Furthermore, when asked to elaborate he added that on-disc DLC itself isn't technically "content" in its own right, and instead that it should be viewed as the support code to help the game run smoothly. Claiming that people should "Think of them as APIs," Moore further stated that "Knowing down the road that something needs to sit on what you've already made, means you have to put some foundations down. What people are confused about is they think DLC is secretly on the disc, and that it's somehow unlocked when we say."
This is supreme stupidity at its finest in more ways than one, the first being that a simple Google search could have shown just how badly this went the last time another company claimed this. Capcom, a company whose decisions to ignore any and all customer opinions exploded in their face not too long ago, was the big example with Street Fighter X Tekken along with their other big names like Resident Evil and Marvel Vs. Capcom. Even three years down the line, no one has quite forgiven them for this, so in an age where EA is trying to claw its back into a positive relationship with the public, this is the last thing they should be saying.
The other reason this is utterly stupid is because EA's own behaviour is infamous and well known. While Moore might claim here that sections have not been removed from the game or sold off separately, we've had cited examples and proof brought up over the years, especially with story heavy titles. Mass Effect 3 is easily the most infamous one when it came to the subject of Javik, a character whose inclusion not only dramatically changed the game but was core to the most basic lore of the universe itself. Released practically from the start, Javik's scenes were still on the disc but walled off from the player. They were only activated at a later date and, unlike all other story driven DLC which were largely self-contained side stories, this was woven into the core narrative. Even prior to the ending controversy, this caused a fresh wave of simmering dislike and distrust for the company, even causing some people to boycott the game.
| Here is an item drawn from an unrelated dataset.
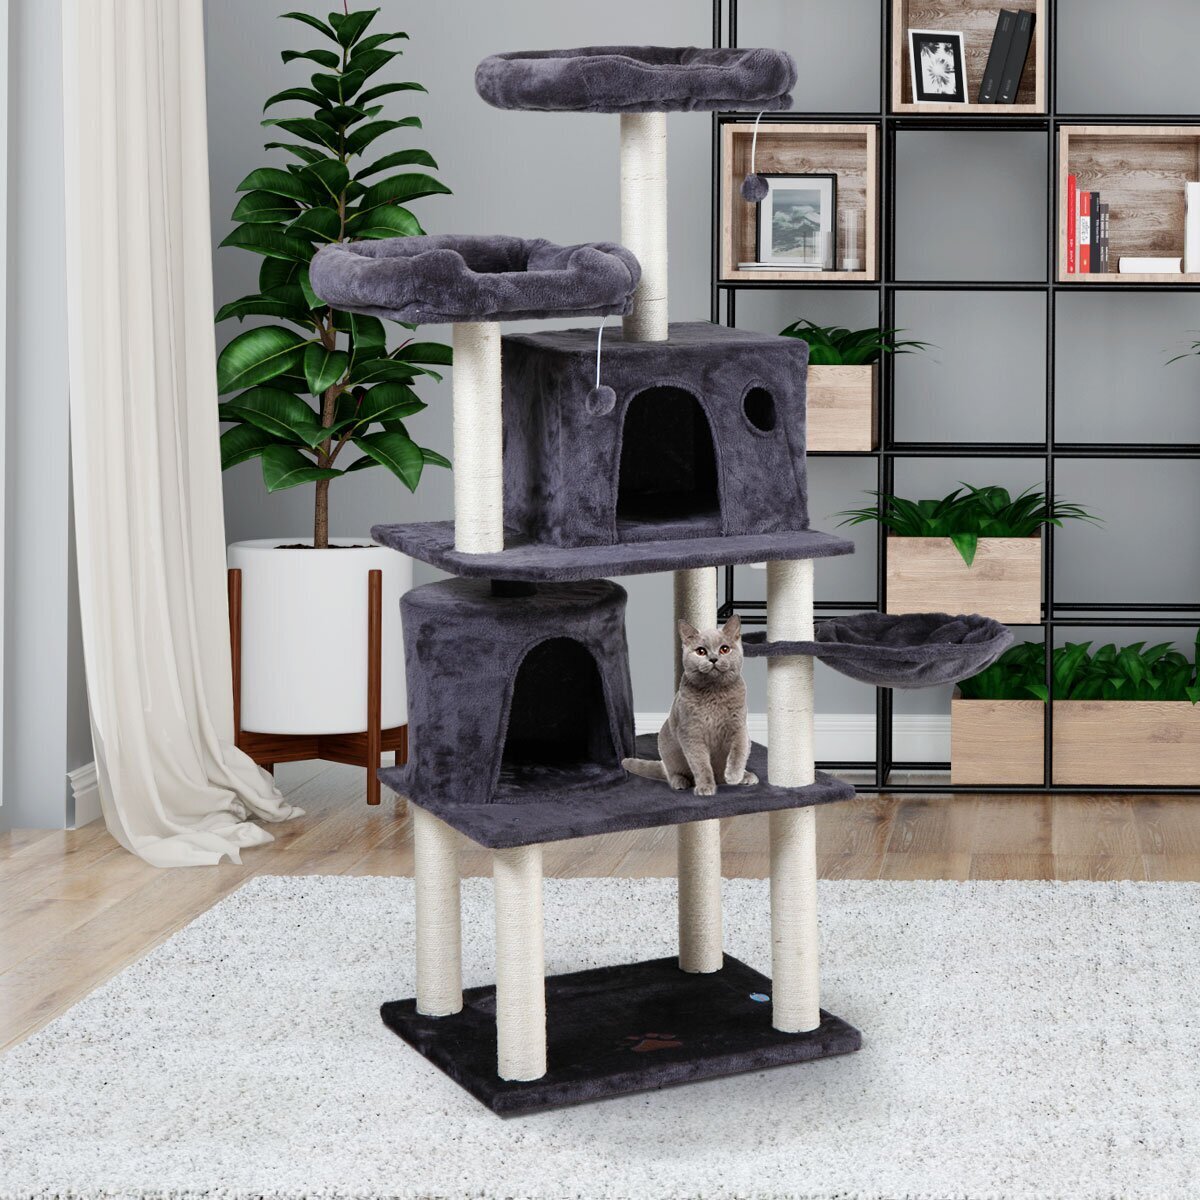 Particleboard Condo Style Cat Tree

So, in the wake of all that, we have an EA executive outright lying by claiming they have never removed parts from a game. Not only that, but one also ignoring every backlash surrounding this subject of on-disc DLC and treating it less as a debate so much as a black/white "you're wrong, we're right" debacle. Of course, this is the tip of the iceberg isn't it. Let's get into the problems with his actual statements.
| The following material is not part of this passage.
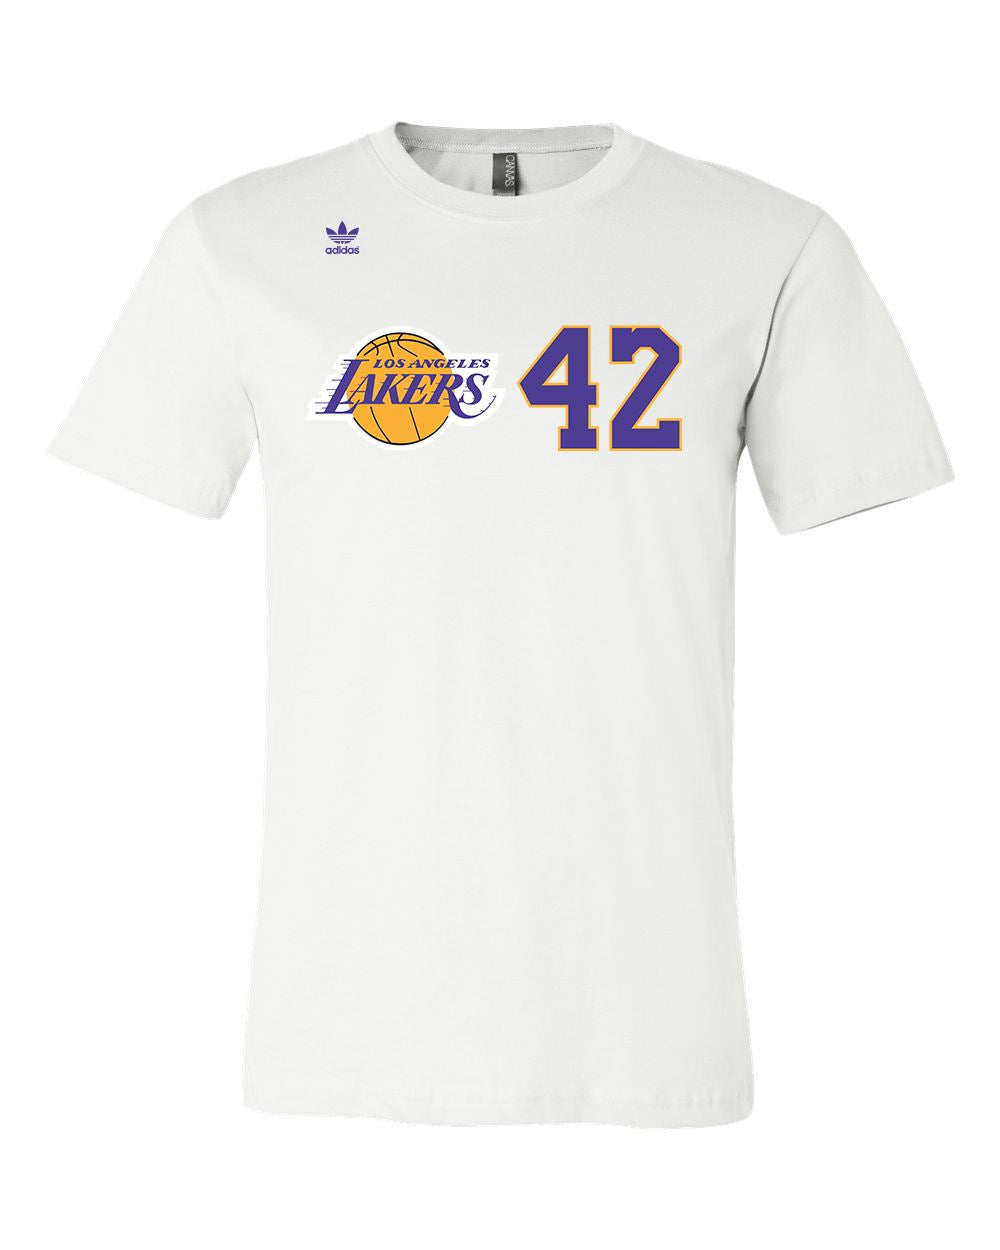 James Worthy Los Angeles Lakers #42 Jersey player shirt

First of all, Moore's main defence is being made based upon something no one can see. He asks us to see things from his perspective, to look at things from his position, but then doesn't substantiate that. Rather than giving something more honest like a relatively in depth answer surrounding the business side of things or even admitting their past mistakes but how the new system has somehow changed, he gives nothing. All he states is effectively "Look things are going fine behind the scenes, just take my word for it."
Really, look at exactly what he states, in the initial response, simply saying "if you were me" and then trying to deflect it with a non answer. Even when he does start to approach the subject of the DLC itself, he tries to hide it amid mentions of balancing and fixing issues. Last I checked, patches and fixes to games weren't usually counted alongside on-disc DLC, and as a rule people didn't usually have to pay for them.
His later follow-up suffers from the same issue. They avoid the actual subject of on-disc DLC itself, so while he cites his support for it, he refuses to back that up with anything truly substantial. At the most his claims bring up the point of trying to claim that parts of it are simply there to help with the download, and nothing else. This would be fine were it not for the fact that Electronic Arts has openly lied about such subjects in the past, including one incident surrounding the aforementioned Mass Effect controversy. Also, it's not actually following up his exact point, just dancing around it as before rather than giving a straight answer.
Like so many of his statements, this really comes down to Moore claiming full support for anti-consumer practices which benefit his company, but actively trying to misrepresent them so the consumers are in the wrong. Given his condescending attitude tied with his unwillingness to actually address the past, it's a wonder how they can keep claiming they are somehow improving.
Even if you were somehow defending this, even if you were somehow thinking that this might somehow be justified, consider the following:
Let's say that you bought an album from a band on CD, paid the full retail price which was standard for the company at that time, but found out that only twenty of the thirty songs were accessible. The remaining ten were ones you had to instead pay additional cash to unlock, despite you buying it and paying a fair amount.
In an example closer to home, let's say you purchased an Imperial Guard Baneblade/Shadowsword set. However, upon opening it up, you find you're limited only to the Baneblade cannon and heavy bolters. The rest of the weapons are there, but they're in a padlocked box you need to pay extra to access.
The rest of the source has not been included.